What is expected:
Everything in the listing below must be reproduced exactly, apart from its images.

Given data:
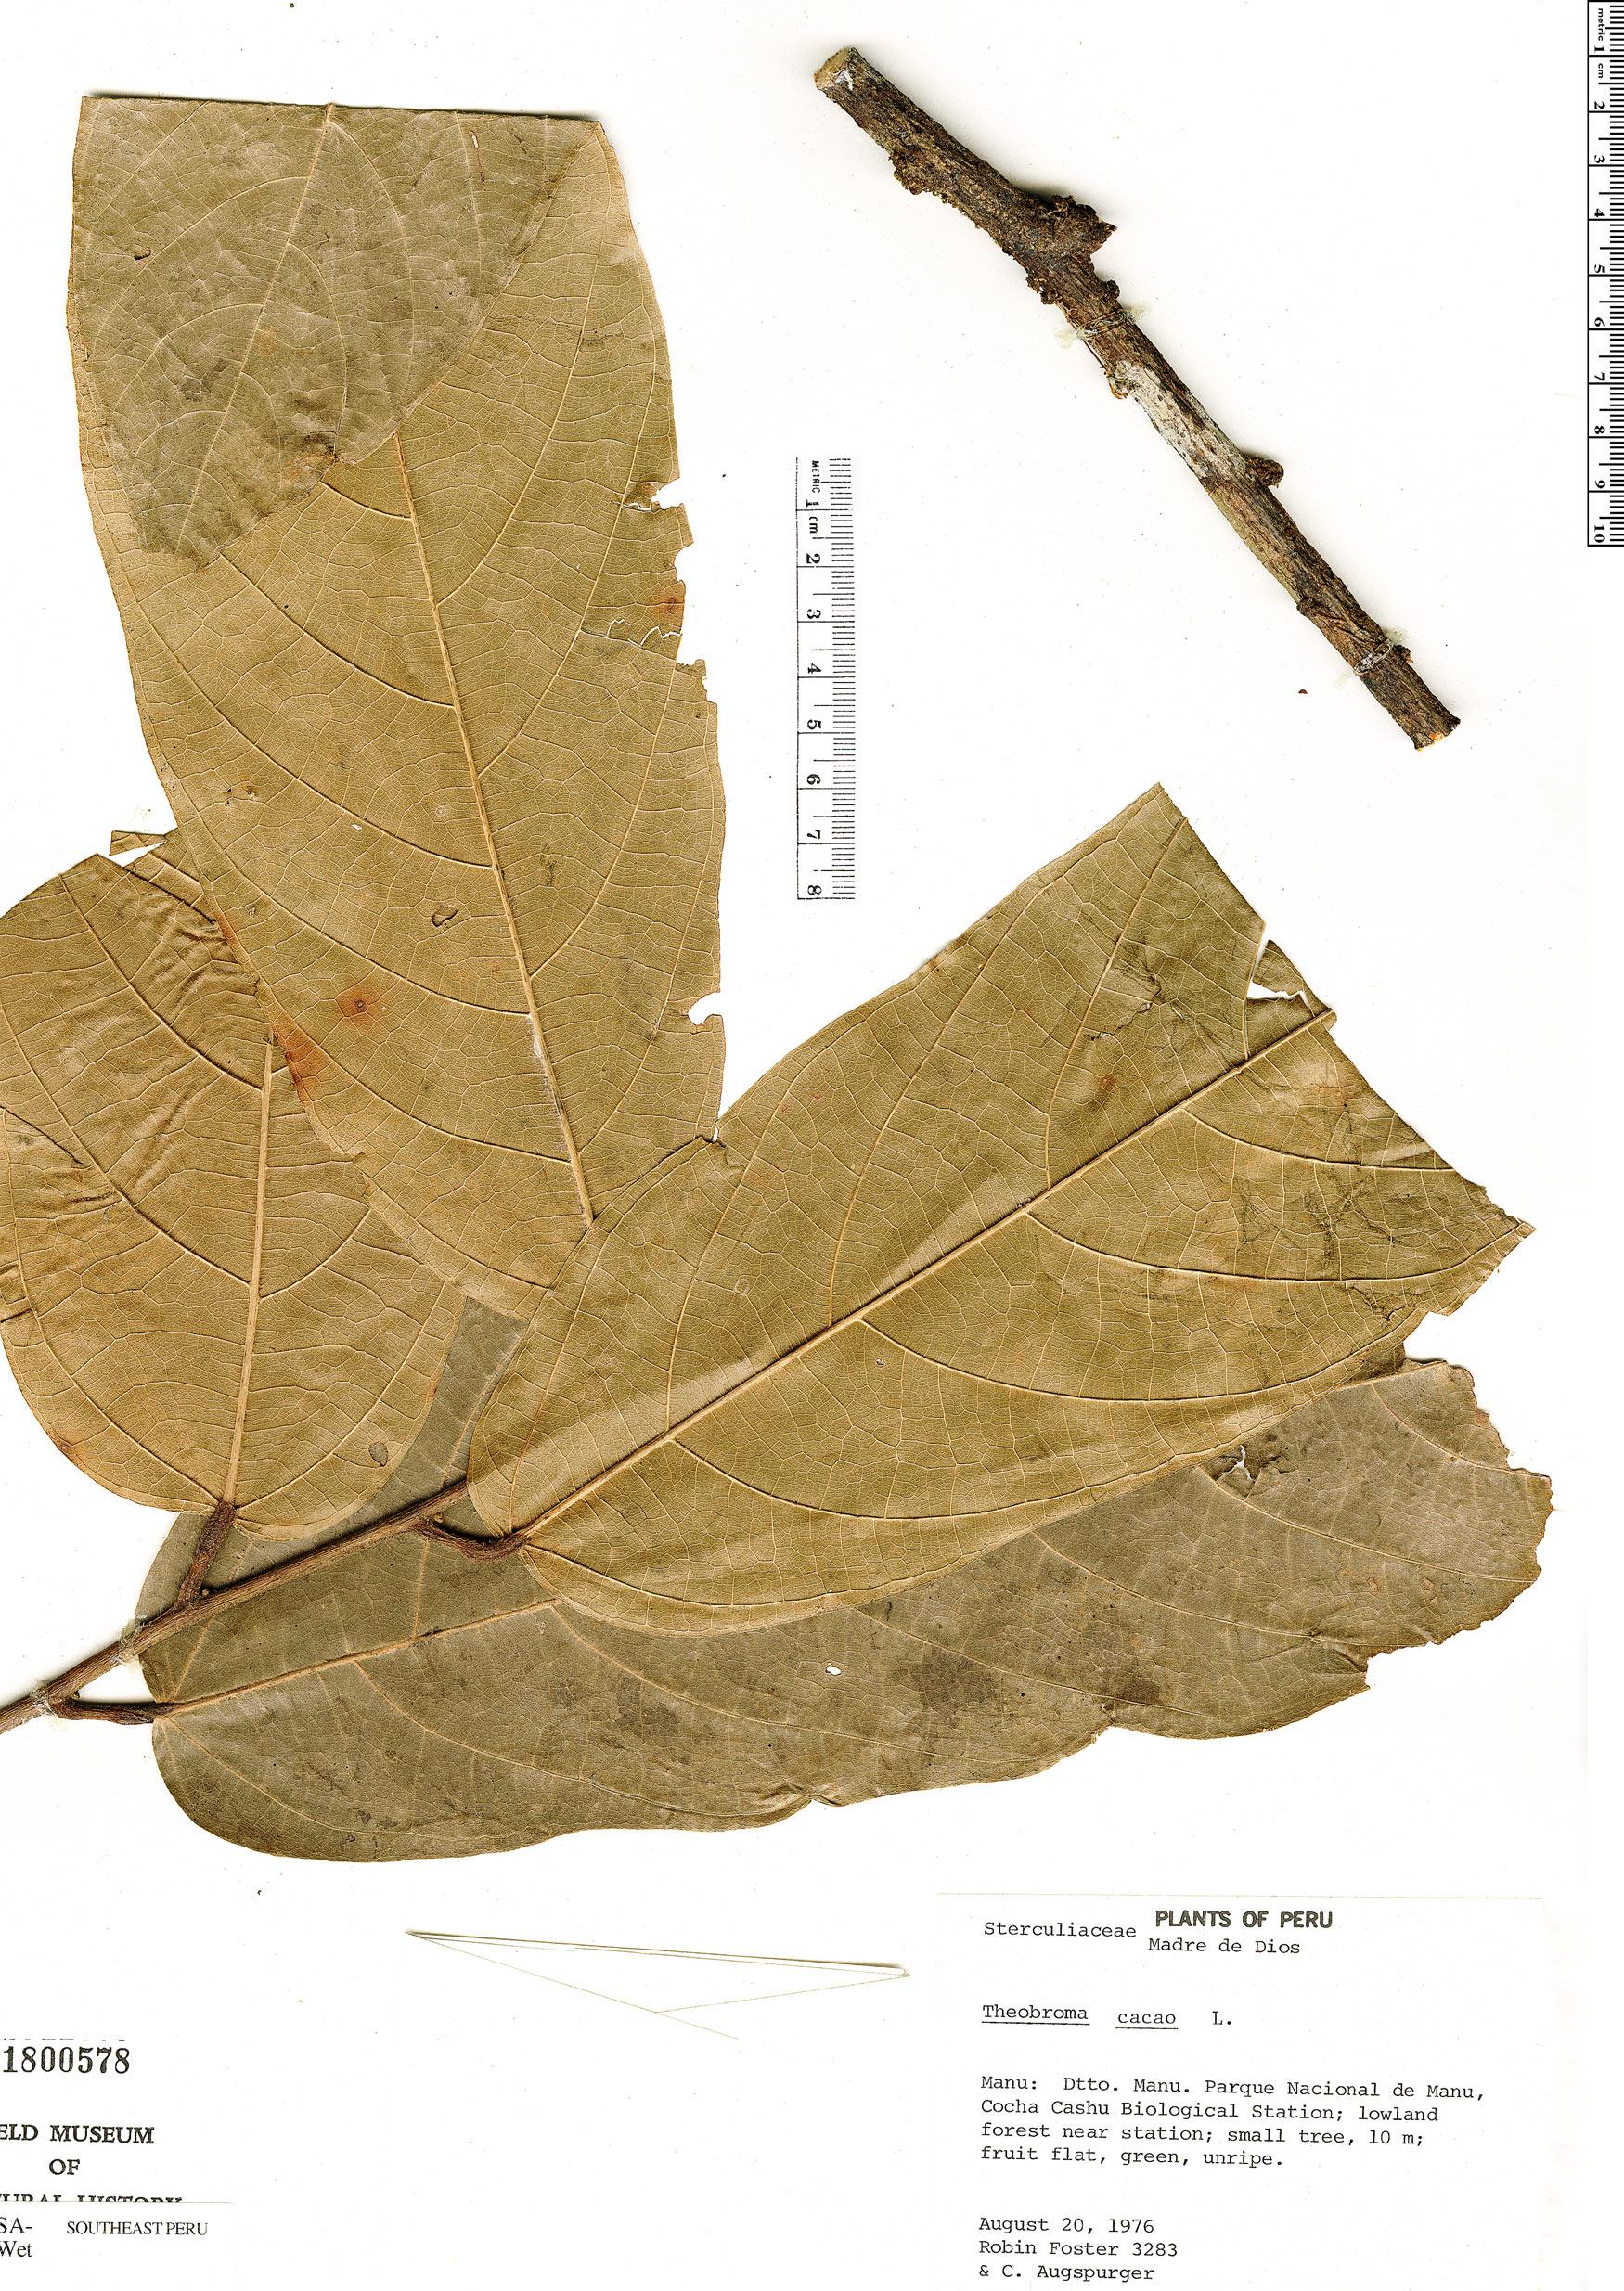 Specimen: Theobroma cacao
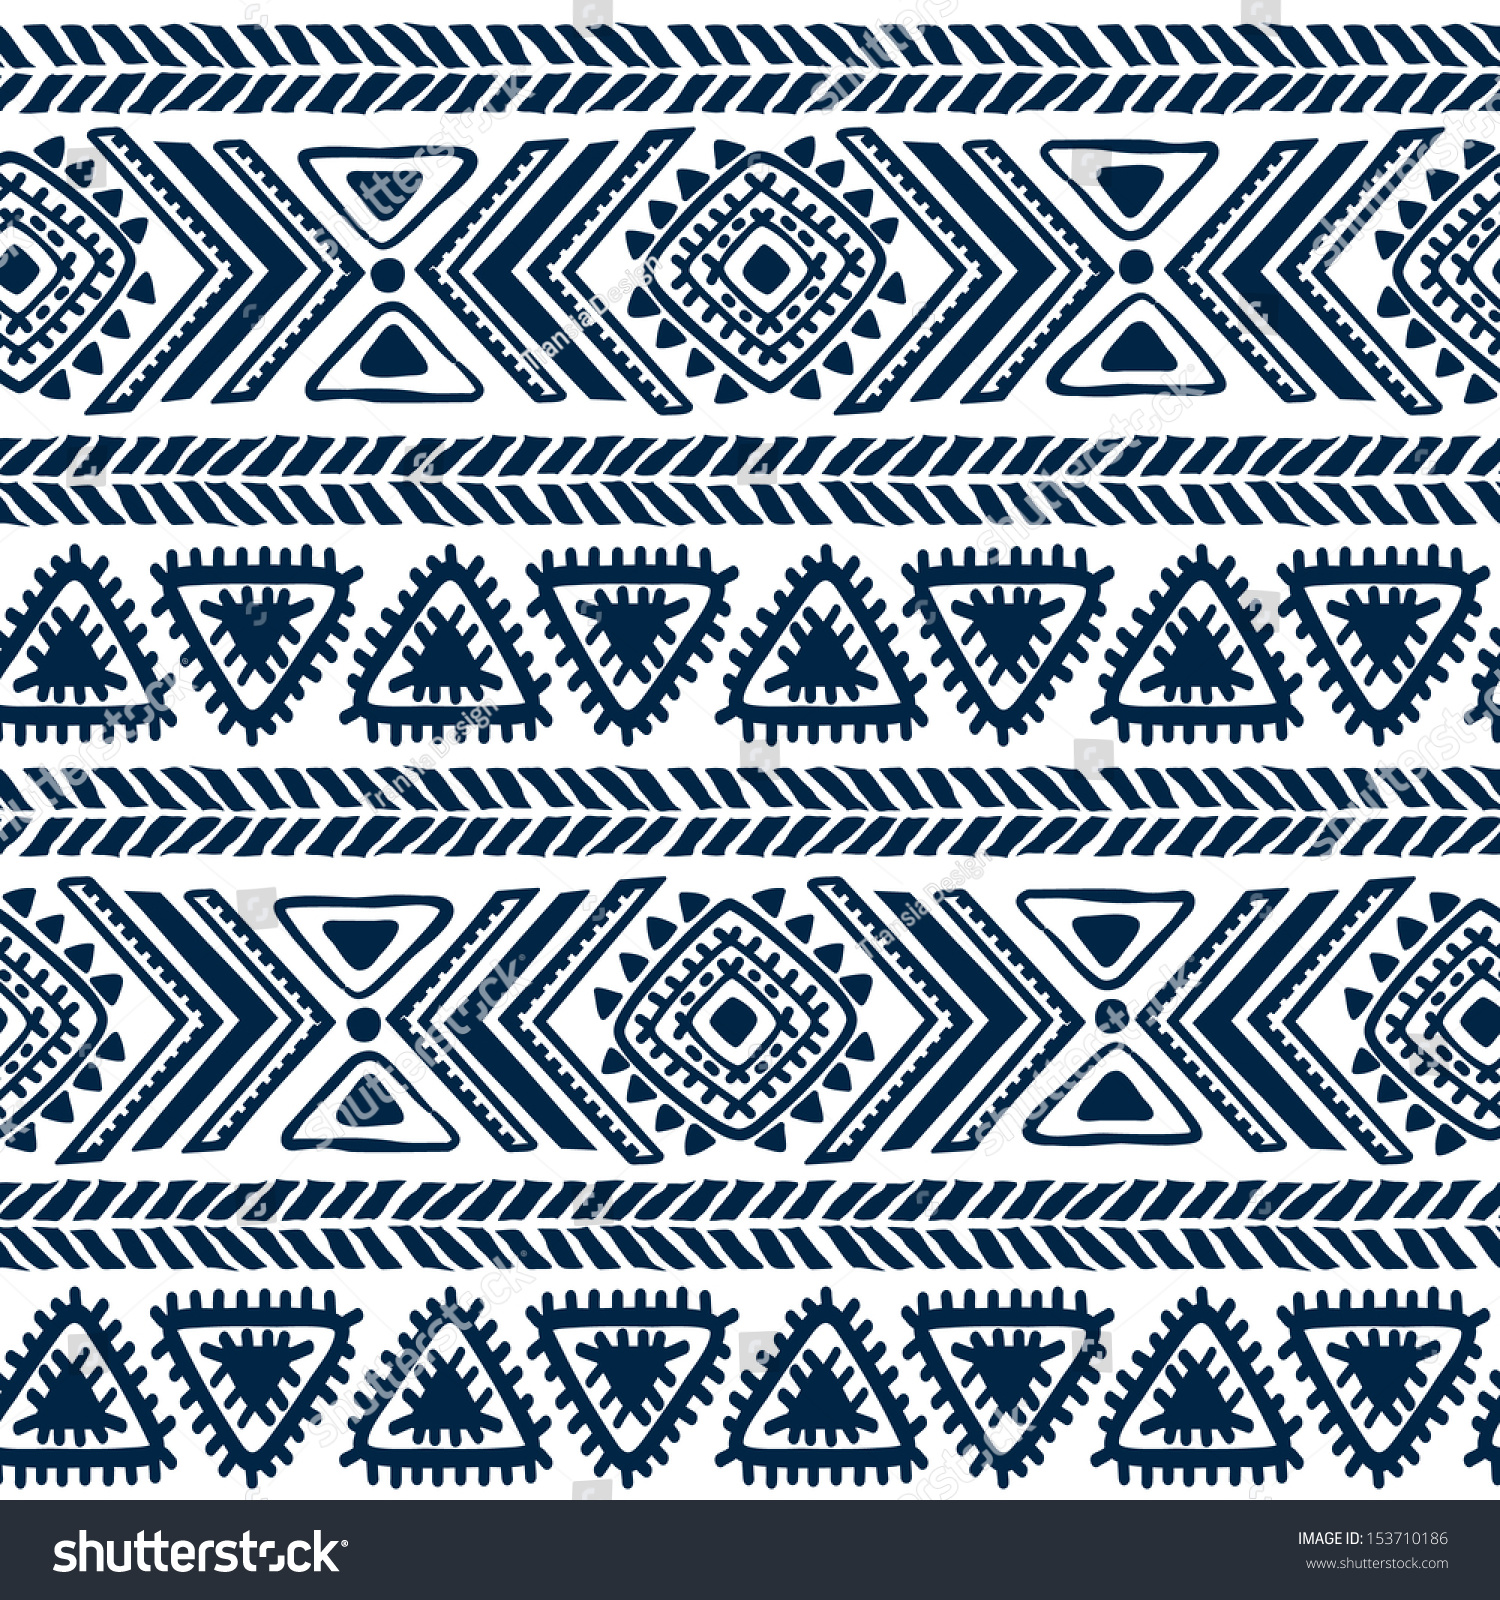 100 Colorful Tribal Vintage Ethnic Seamless Tribal  : stock vector tribal vintage ethnic seamless 153710186 from ubytovani-melnik.com size 1500 x 1600 jpeg 1463kB
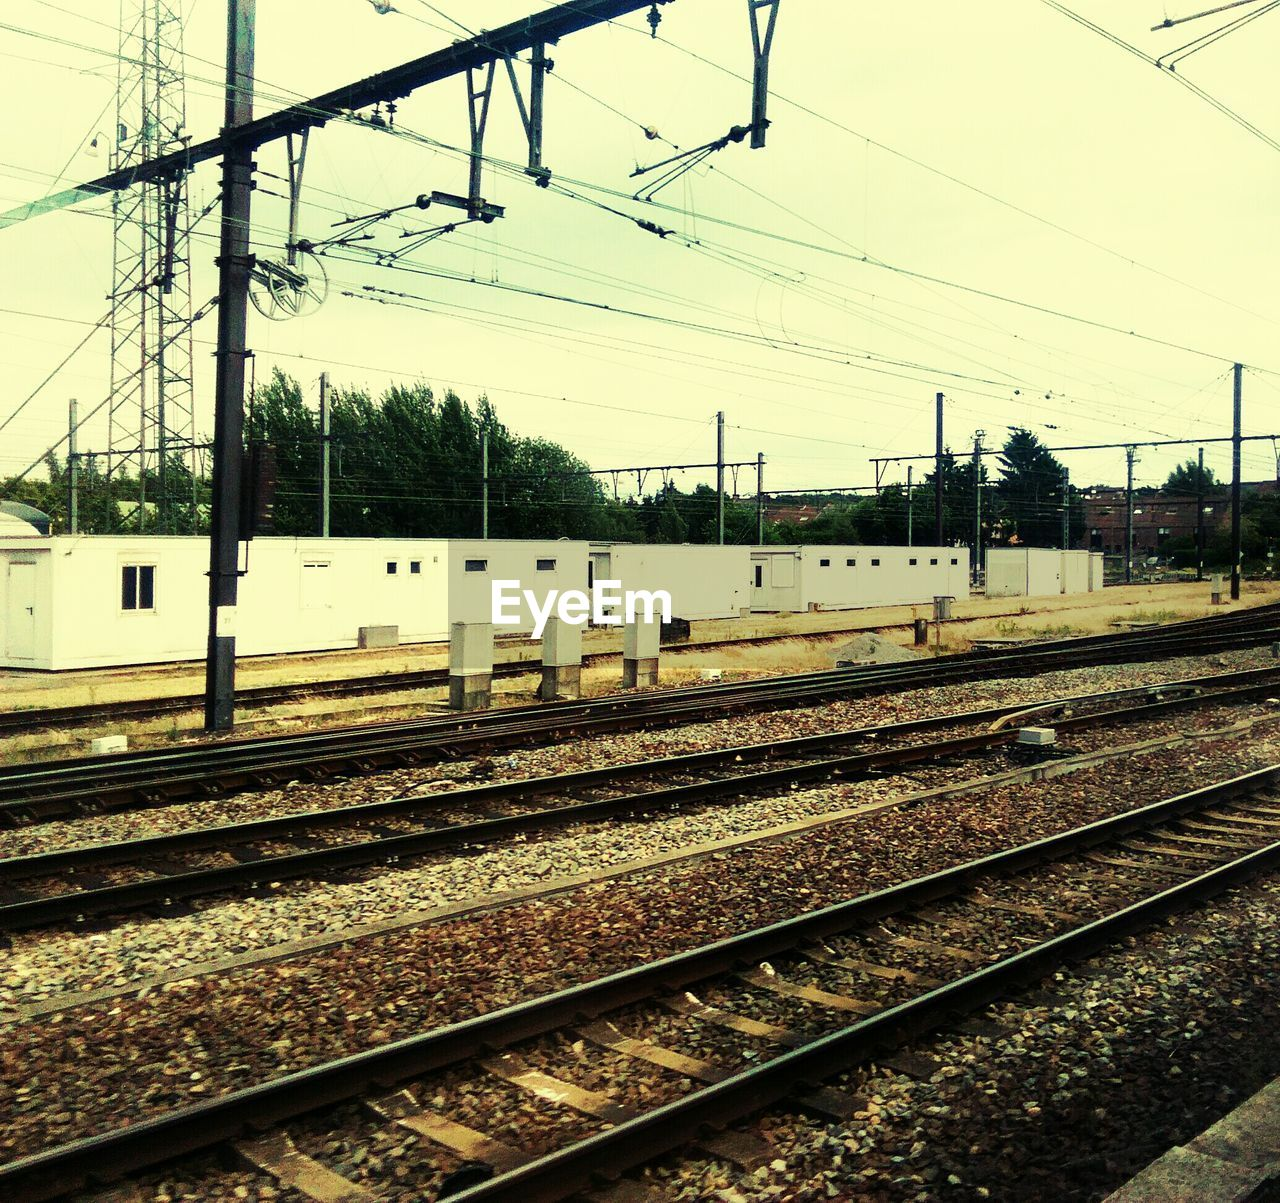 railroad track, rail transportation, cable, transportation, power line, electricity pylon, power supply, railway track, no people, electricity, railroad station platform, day, outdoors, railway, sky

Answer space:
 Specimen: Theobroma cacao
 100 Colorful Tribal Vintage Ethnic Seamless Tribal  : stock vector tribal vintage ethnic seamless 153710186 from ubytovani-melnik.com size 1500 x 1600 jpeg 1463kB
 railroad track, rail transportation, cable, transportation, power line, electricity pylon, power supply, railway track, no people, electricity, railroad station platform, day, outdoors, railway, sky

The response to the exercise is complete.